Hinojosa: Oh my God. To make it to three years. No, I’m not kidding you. I was like, “Jesus, if we can just make it to three years. Oh my God, if we can just make it to three years. “ Because the three-year hump for a nonprofit is really like the make or break. Thankfully, I immediately understood I have to bring people on with me, and I was able to get funding, and then I said… I think the most important thing was to secure Latino USA, which we did. But it was floundering.
Menendez: Well, you went to go ask if you could acquire it and they were like, “Well, we’re just thinking about letting it go altogether.”
Hinojosa: Yeah, we were there having a contract renewal conversation with NPR at the time. And they were like, “It’s okay if Latino USA disappears. We like your brand.” And I was like, “What?” And I was like, “Yeah. No, no, no. We cannot. No, you can’t lose this brand right now, when Latinos in 2010 just came out 43% growth in the census. Why would you kill a Latino-Latina brand?”
Menendez: Why establish Futuro Media as a nonprofit?
Hinojosa: I’ve always had this deep sense that journalism should not be a commercial entity. Back when I was consuming journalism, mostly by watching it on television as a little kid, CBS News, NBC News, ABC News, those were the networks. Their news departments were not tied to ratings or to earnings, so that kind of set the stage for how I understood the responsibility of journalism, and then consuming public media, both in the United States and in Mexico, for me the core of journalism is that it is a public responsibility, and it should be independent. We should be giving this gift of the work that we do because you need it.

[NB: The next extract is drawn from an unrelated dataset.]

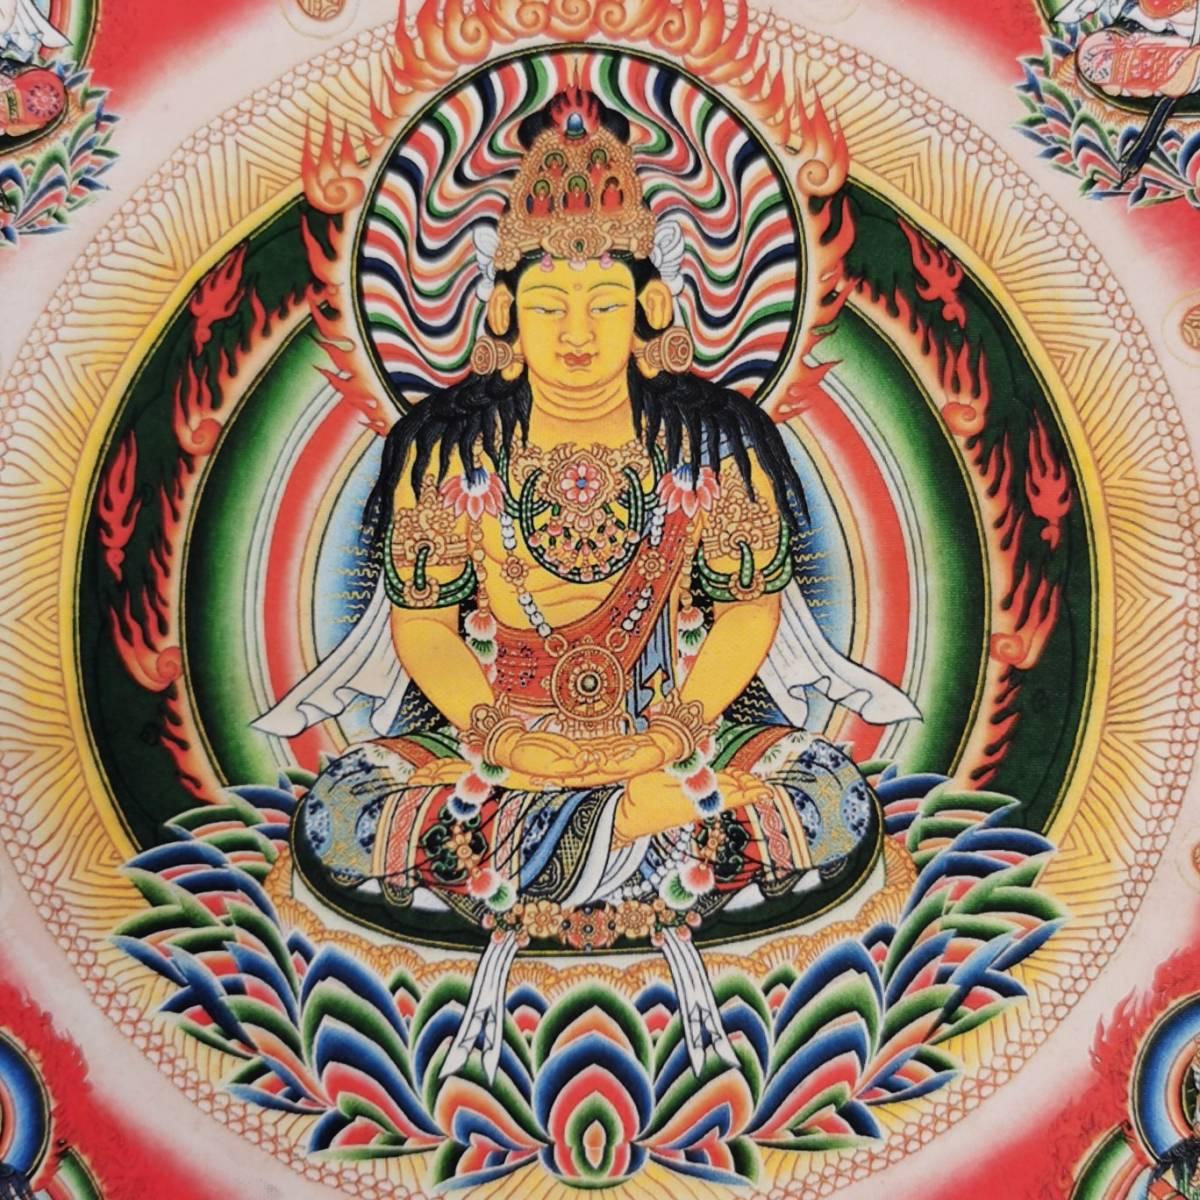 胎蔵界 曼荼羅 曼陀羅 マンダラ チベットタントリック タンカ 特別配布 印刷画  チベット仏像 大判 タンカ インテリア 装飾_画像7

Menendez: You are the youngest of four, a baby born in Mexico, raised south side of Chicago. One of the ways in which Once I Was You is adding to the narrative, the… What’s the word I’m looking for? The canon of immigration, is that it’s a very middle class story. And so, I wonder when you look at Central American migrants who are coming today, what you see as the commonality between your experience and their experience, and how you reconcile the privilege differential that exists between your story and theirs?
Hinojosa: I did understand privilege, like I understood poverty very clearly from a child, because I was going to Mexico every year by car, and so I would see it all around me, and I was going to Pilsen, 18th Street in Chicago at that time, and poverty in the Mexican barrio in Chicago was for reals. And I lived in the south side of Chicago, so poverty was real, and I understood that I was not poor, that I had privilege. Ya sabes, Mexican father. We also lived on a tight. And he was a research professor, so he wasn’t making a lot of money, but I understood privilege and that I think is what became the core for me in terms of how I move in the world.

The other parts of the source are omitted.